[[ Stored data, beginning ]]
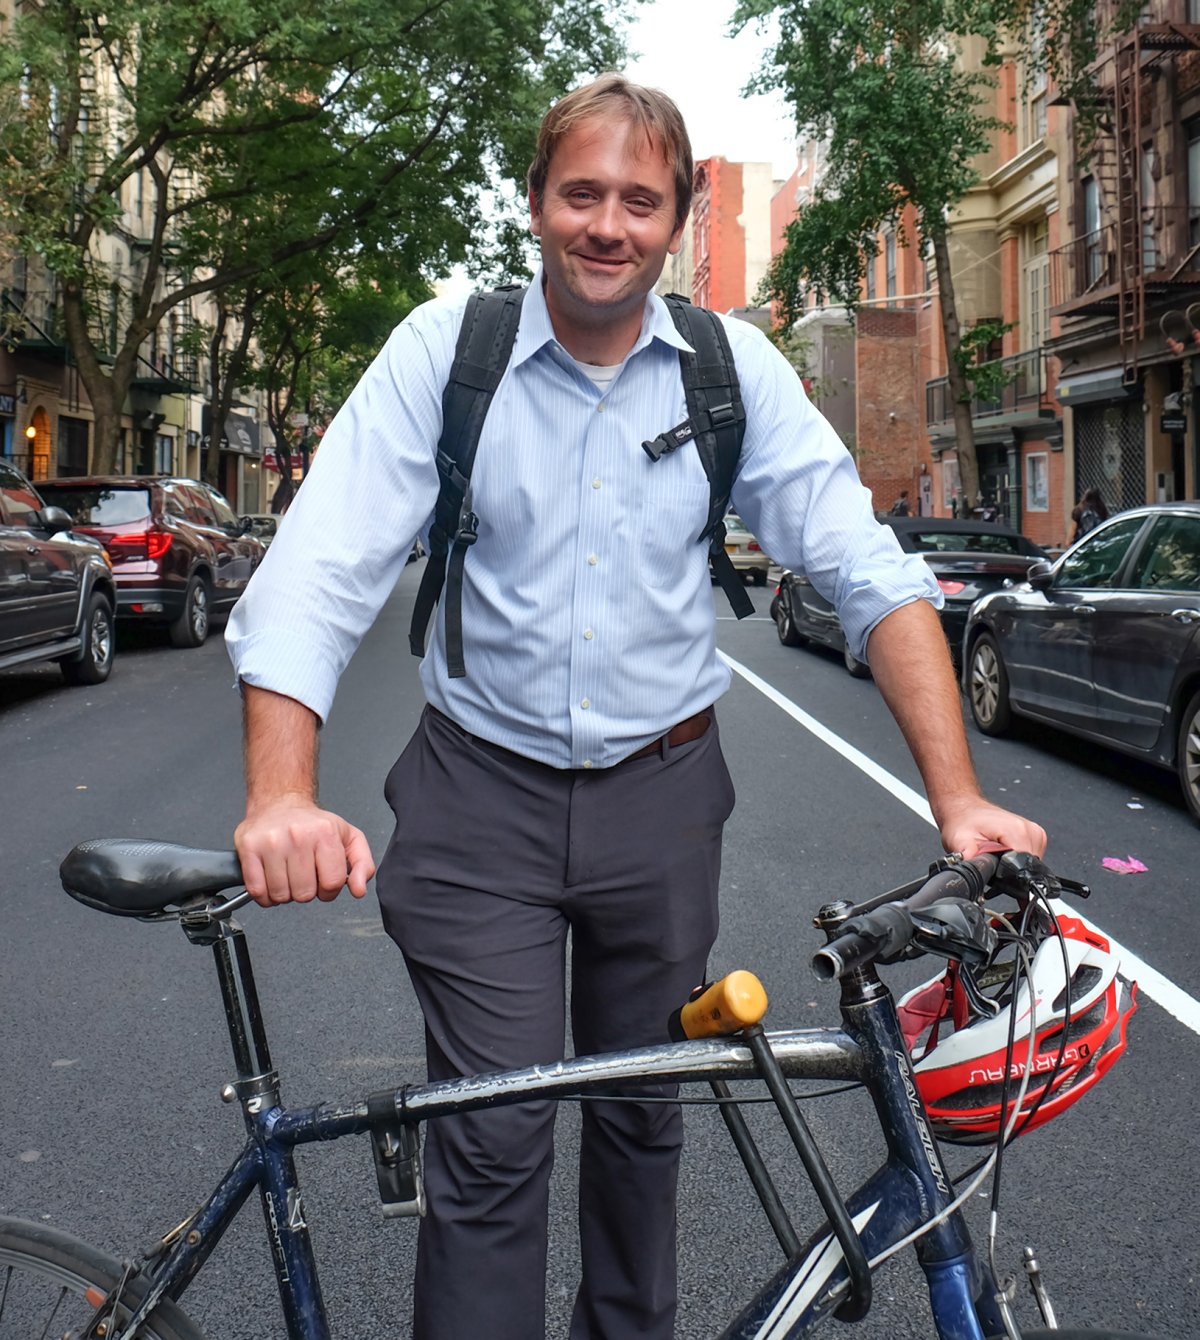 On the move: Jamie Rogers with his bicycle outside the C.B. 3 office on E. Fourth St. Photo by Tequila Minsky
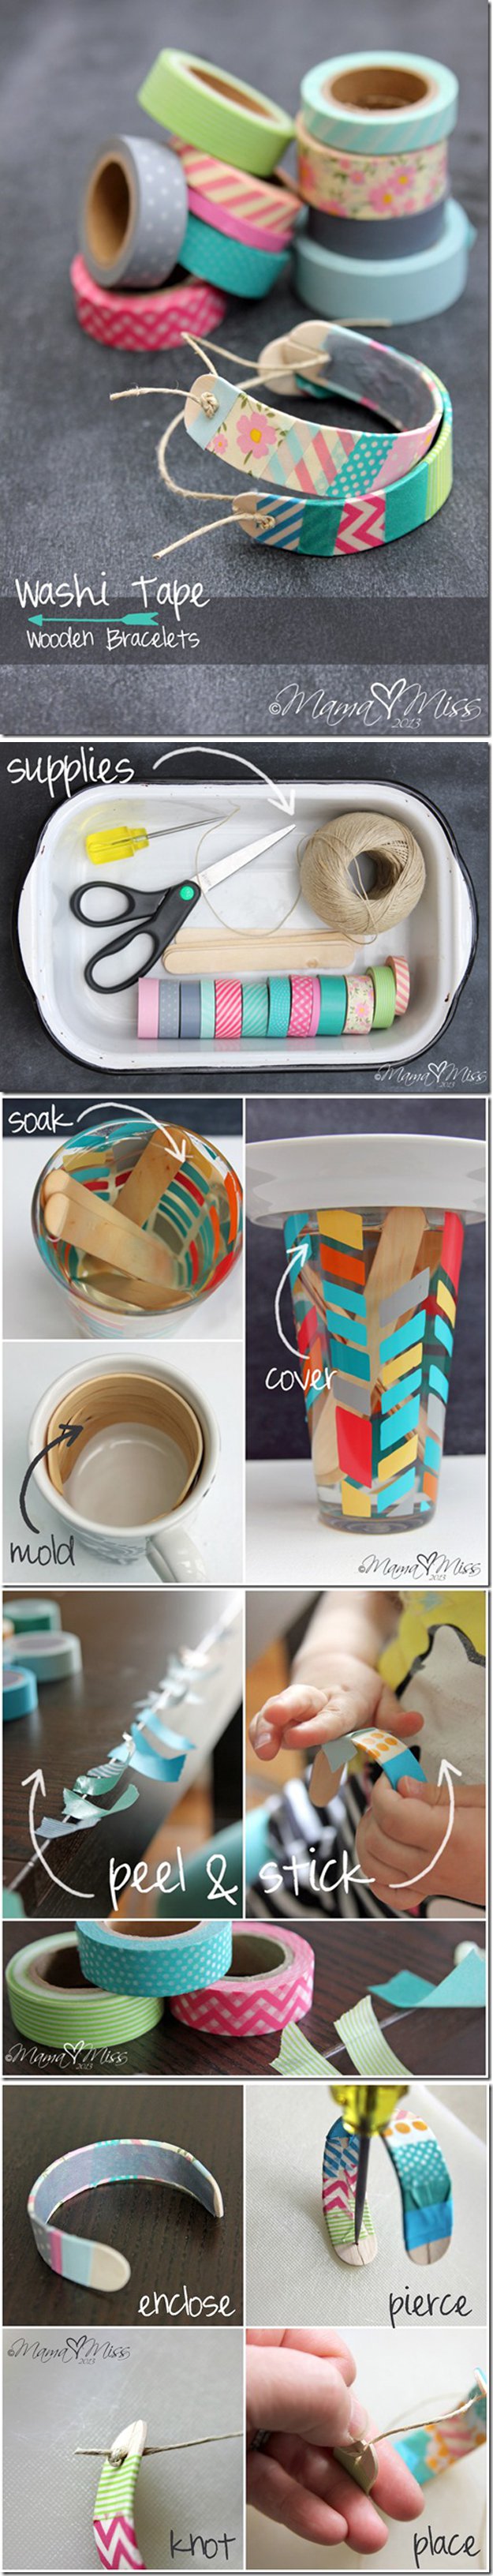 Washi Tape Crafts - DIY Washi TApe Bracelets - Wall Art, Frames, Cards, Pencils, Room Decor and DIY Gifts, Back To School Supplies - Creative, Fun Craft Ideas for Teens, Tweens and Teenagers - Step by Step Tutorials and Instructions #washitape #crafts #cheapcrafts #teencrafts
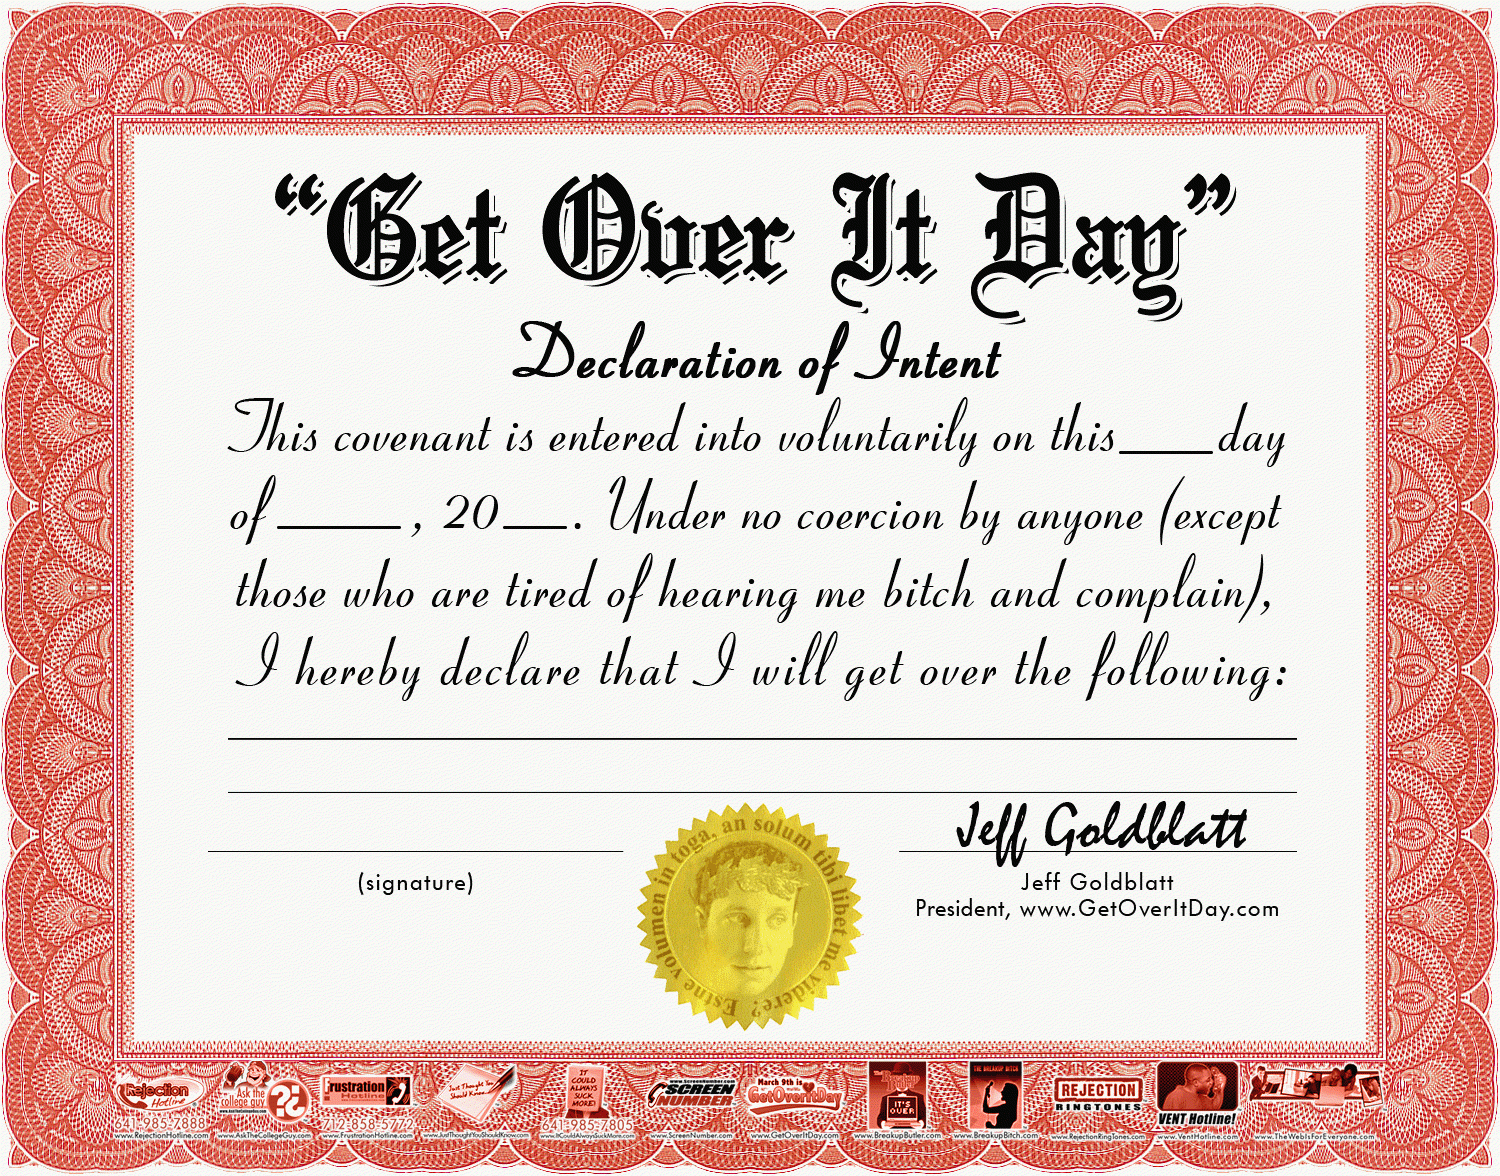 Funny Office Awards Youtube. Silly Certificates Funny Awards With Free Printable Funny Certificate Templates
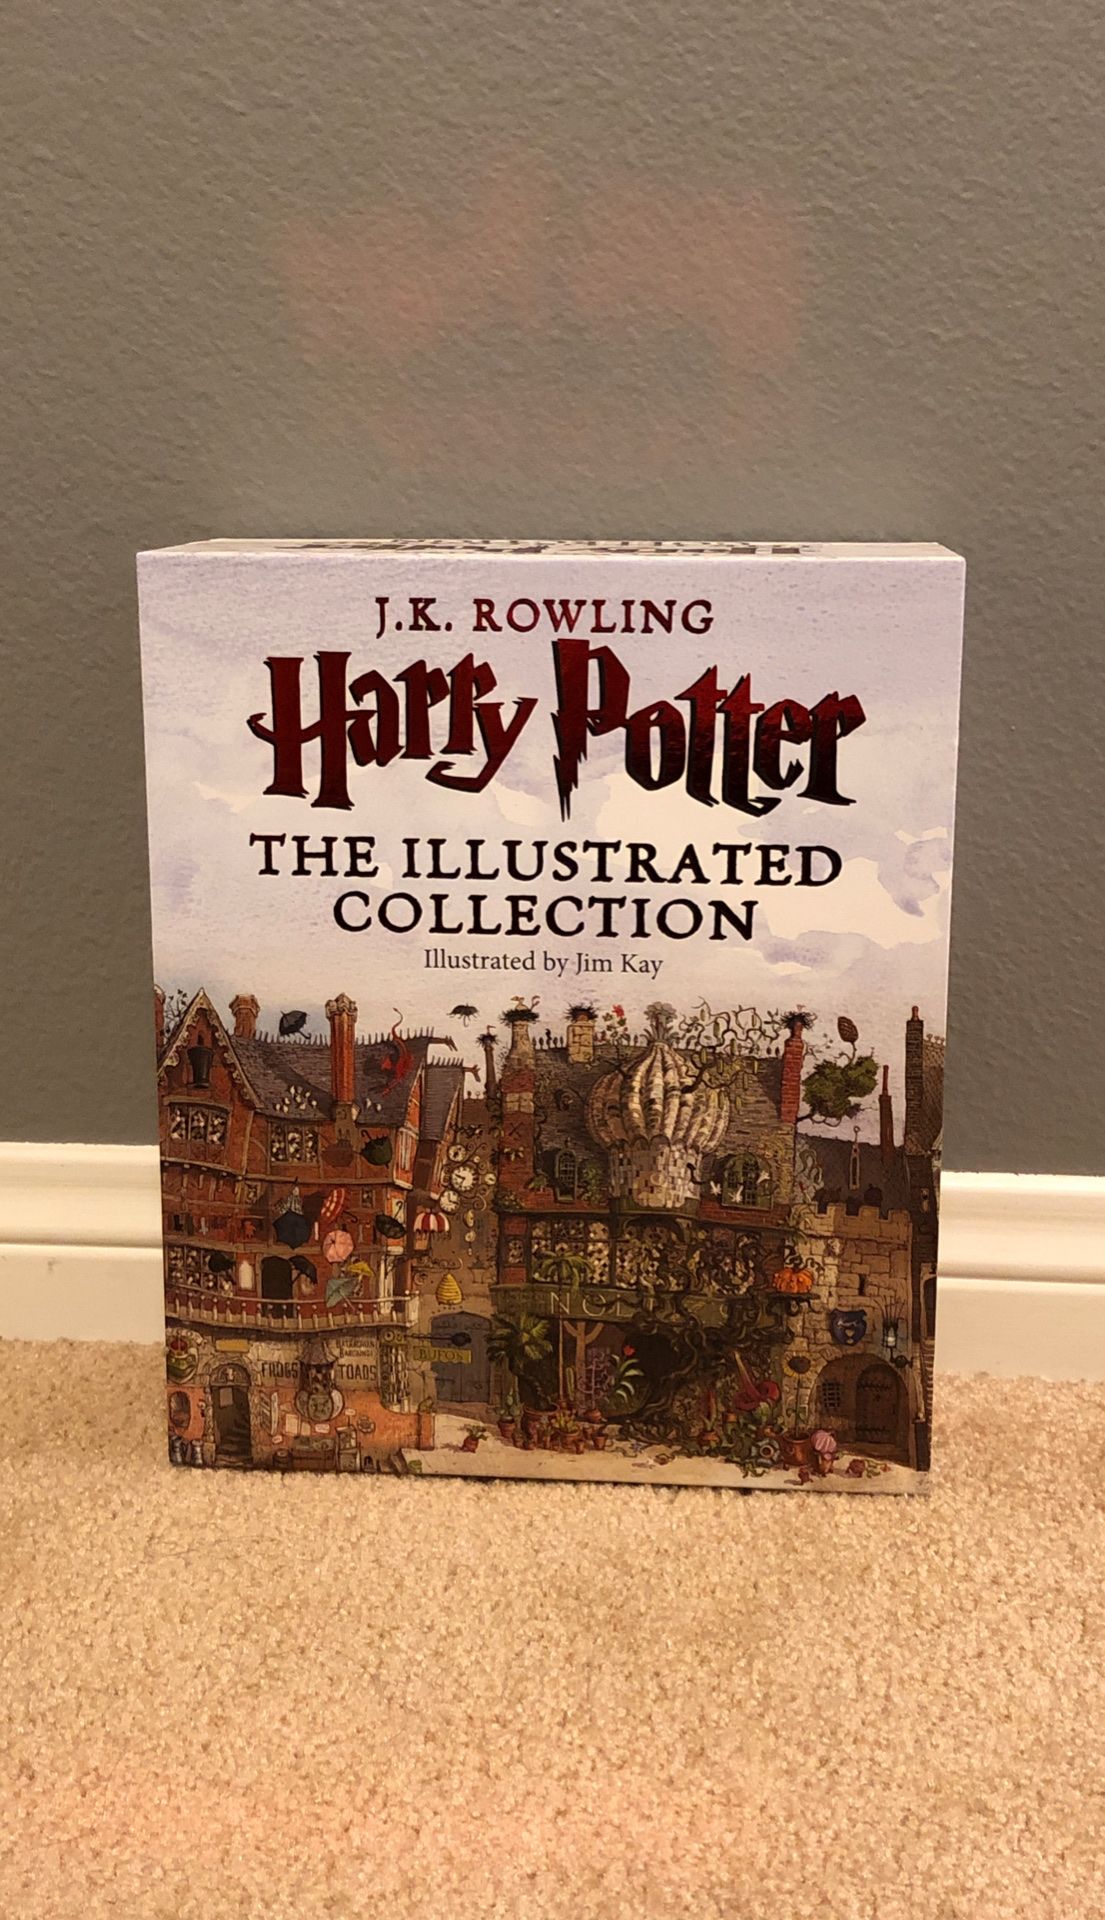 The illustrated books of Harry Potter book series 1-3
[[ Stored data, end ]]
__Activity__
Extract the run of lines from the line holding "Funny Office Awards" through the final line of the material above, exactly and inclusively. Leave the pictures behind.

__Task result__
 Funny Office Awards Youtube. Silly Certificates Funny Awards With Free Printable Funny Certificate Templates
 The illustrated books of Harry Potter book series 1-3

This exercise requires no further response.